Exercise directions: Word for word, reproduce each line of the data below, omitting every image.
══ Collected data ══
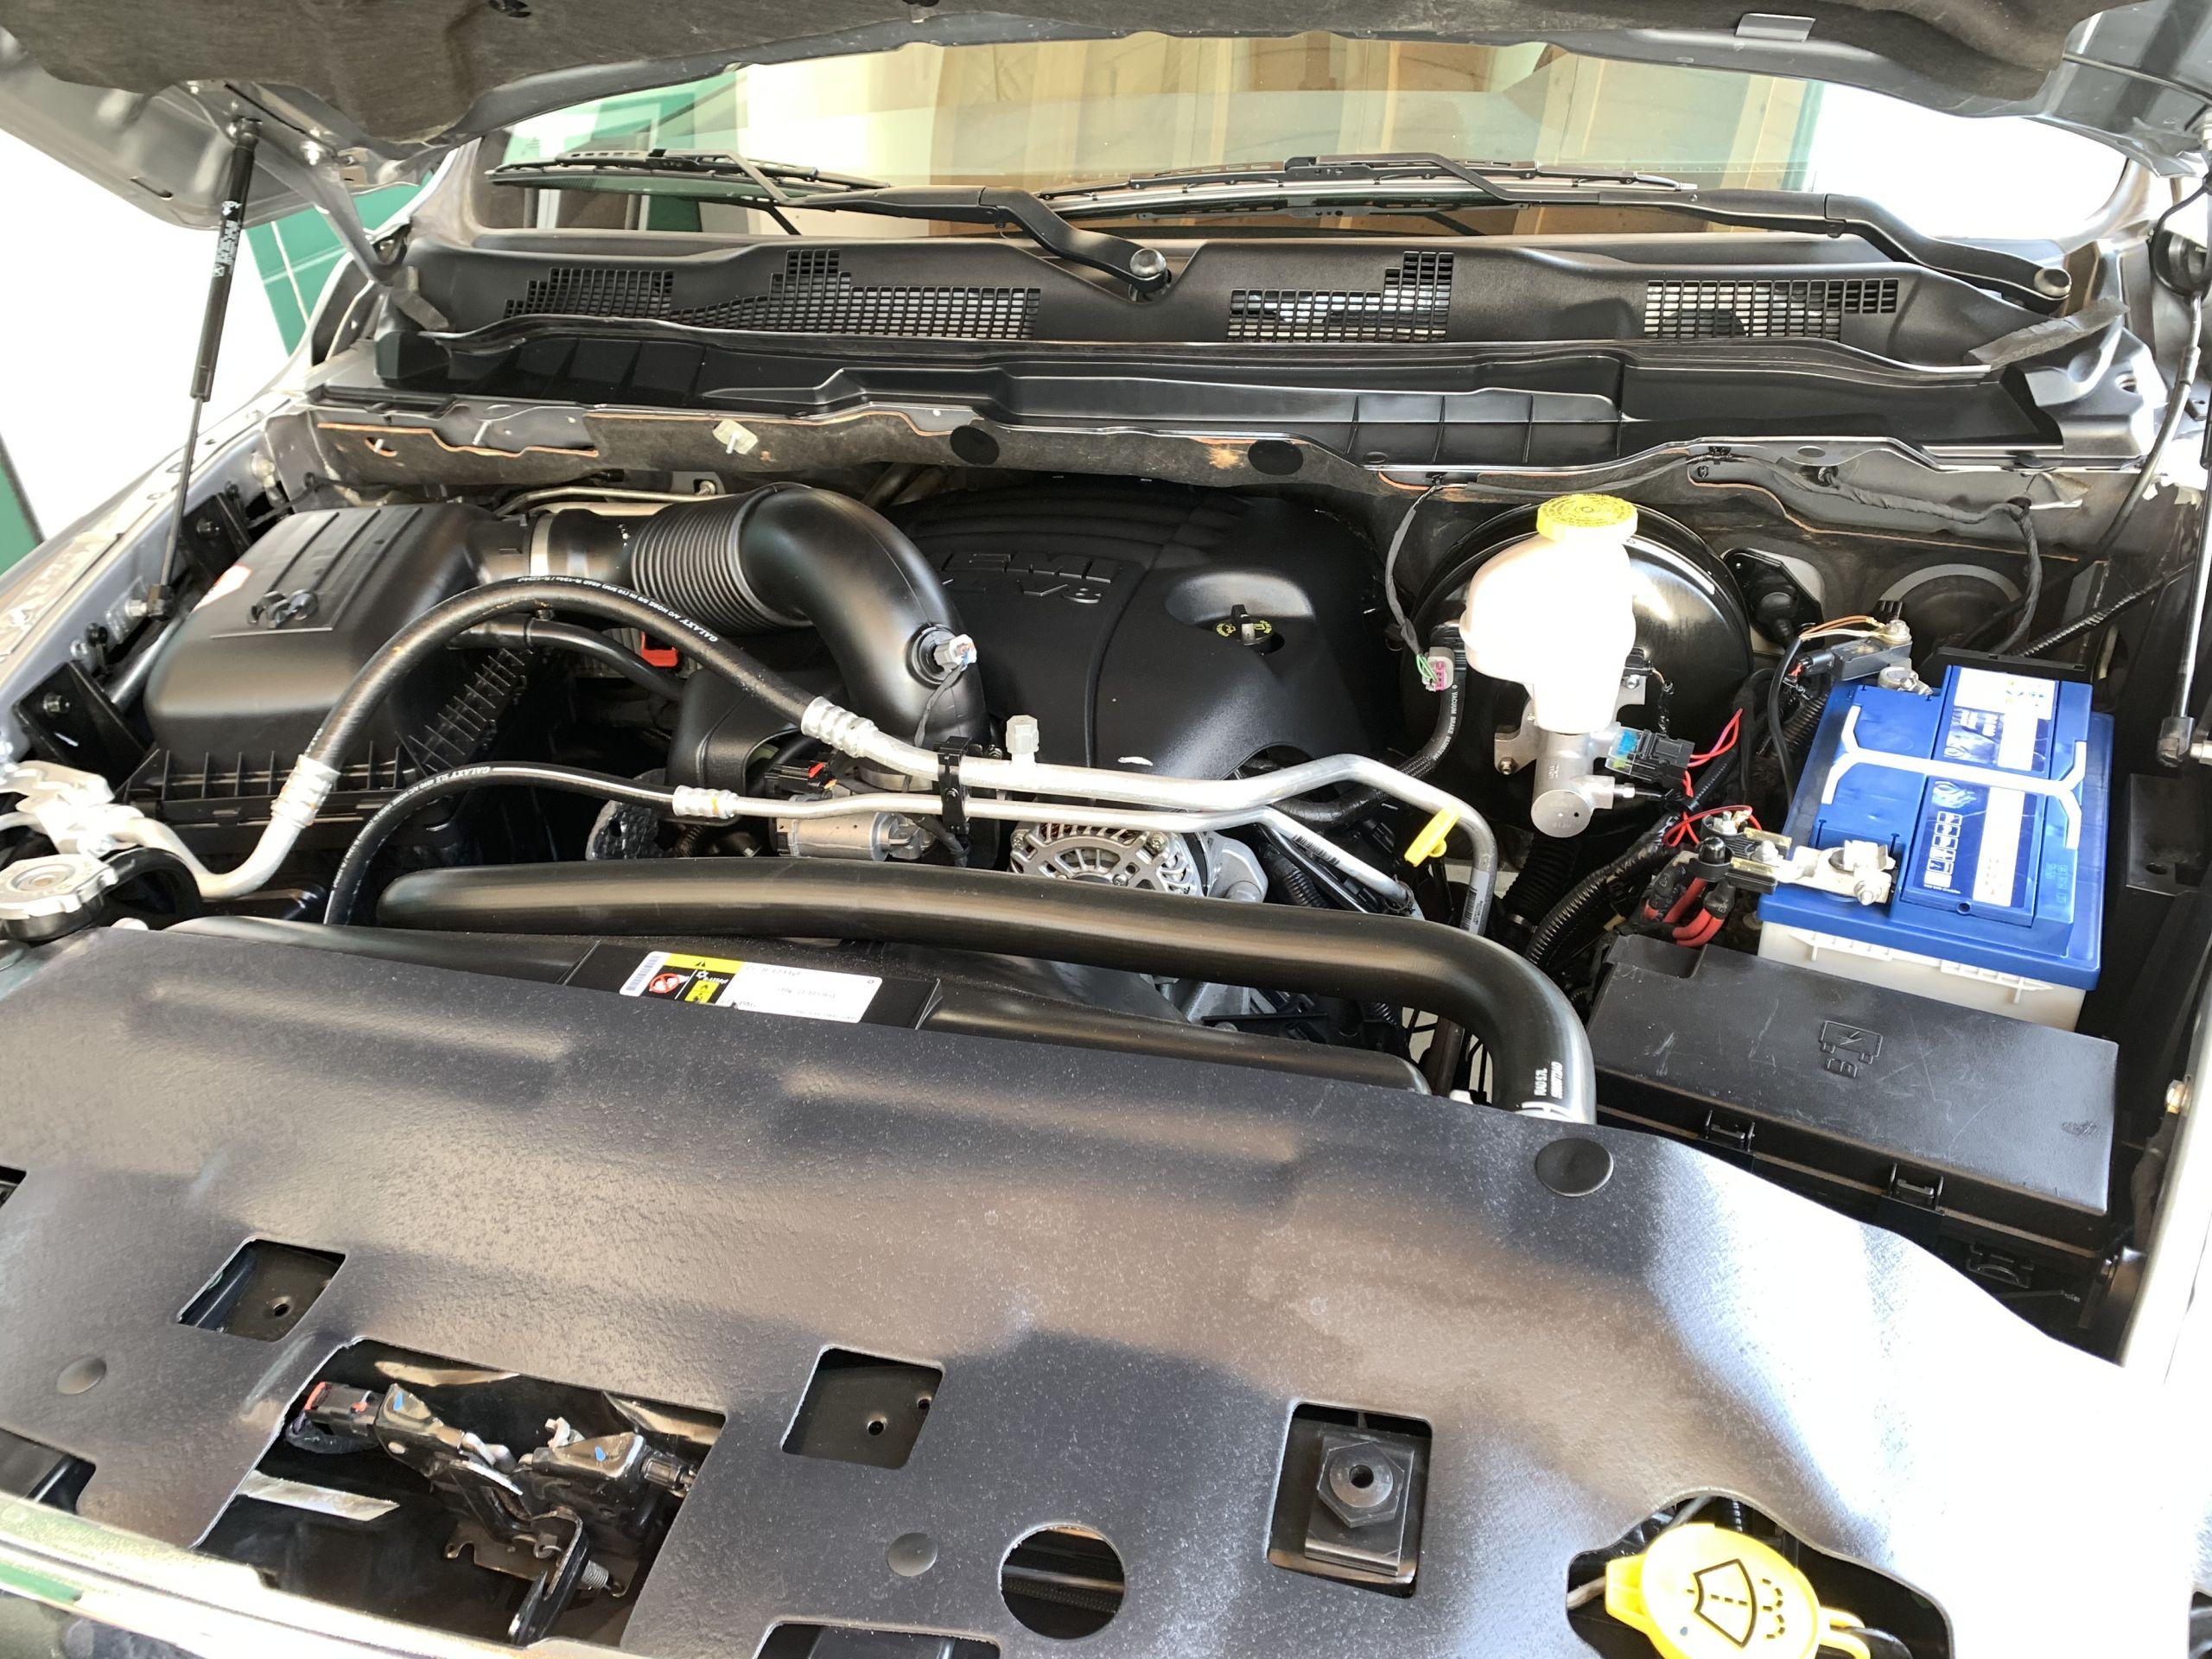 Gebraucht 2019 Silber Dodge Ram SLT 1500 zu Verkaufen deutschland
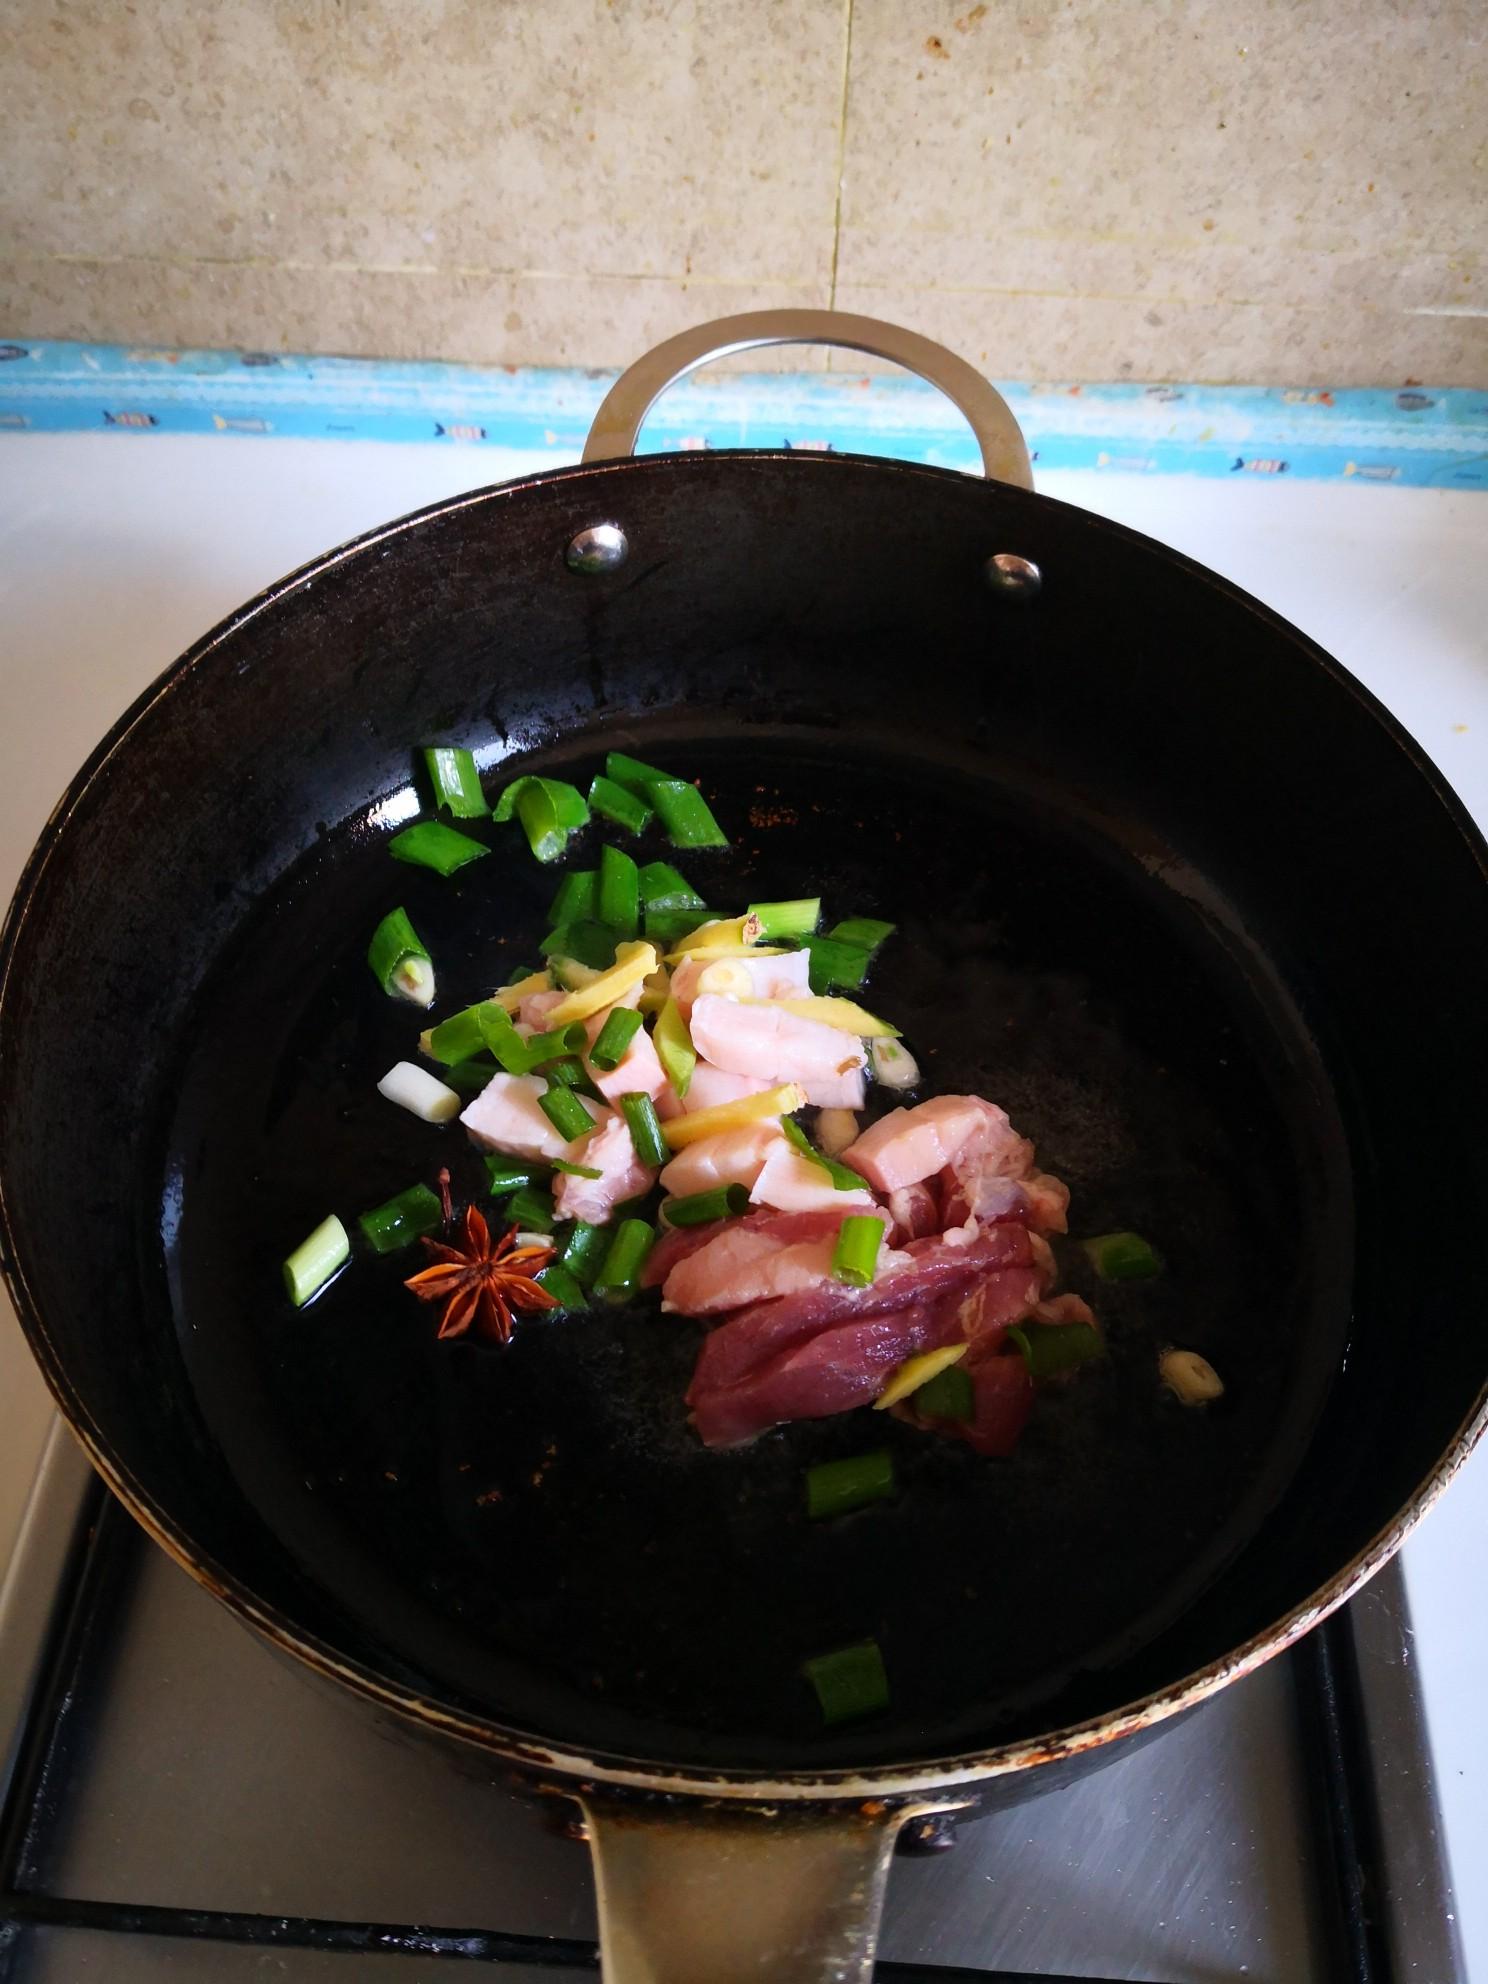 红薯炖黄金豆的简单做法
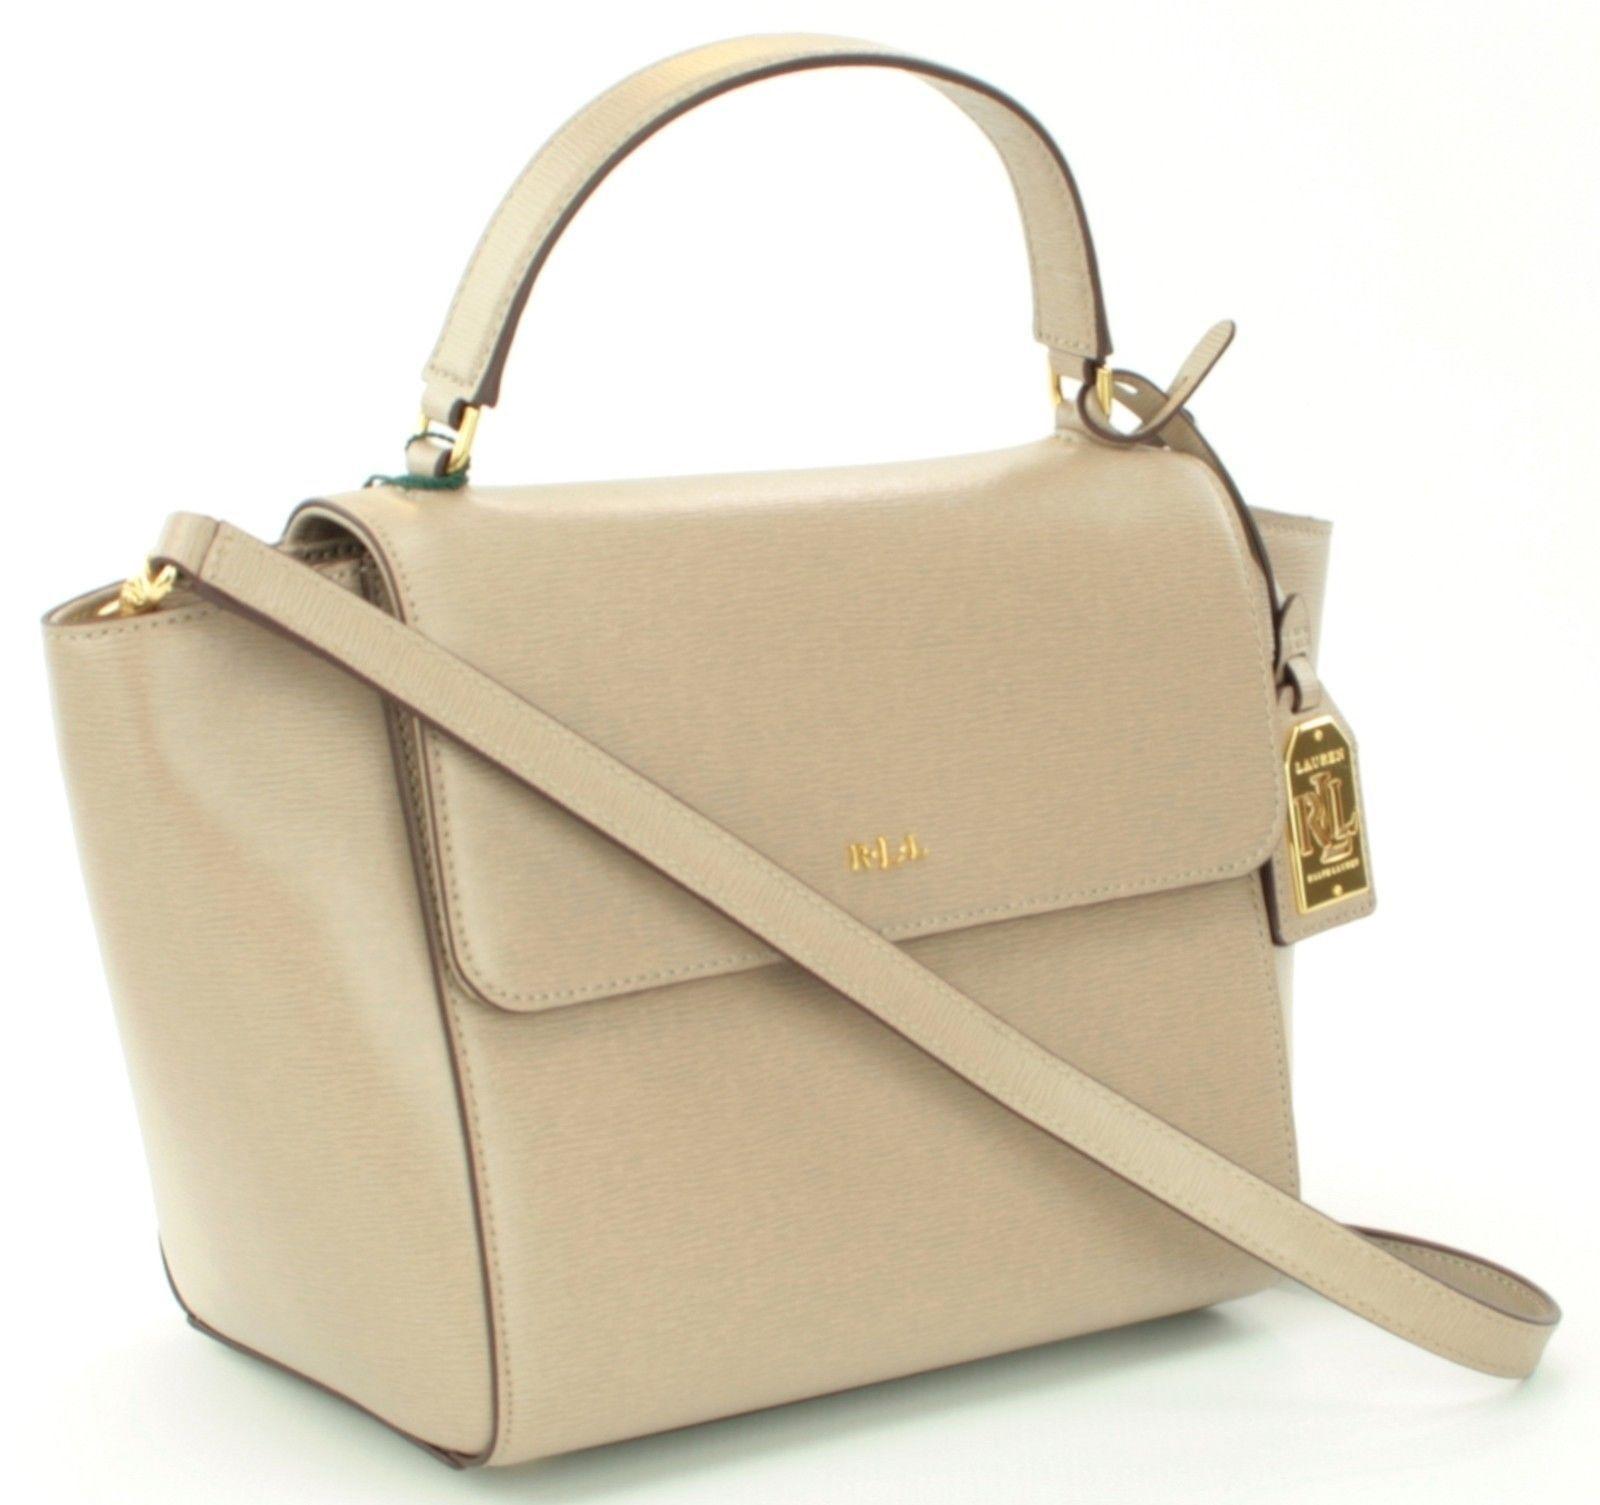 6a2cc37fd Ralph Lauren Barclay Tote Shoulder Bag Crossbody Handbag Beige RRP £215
═══
Solved problem:
 Gebraucht 2019 Silber Dodge Ram SLT 1500 zu Verkaufen deutschland
 红薯炖黄金豆的简单做法
 6a2cc37fd Ralph Lauren Barclay Tote Shoulder Bag Crossbody Handbag Beige RRP £215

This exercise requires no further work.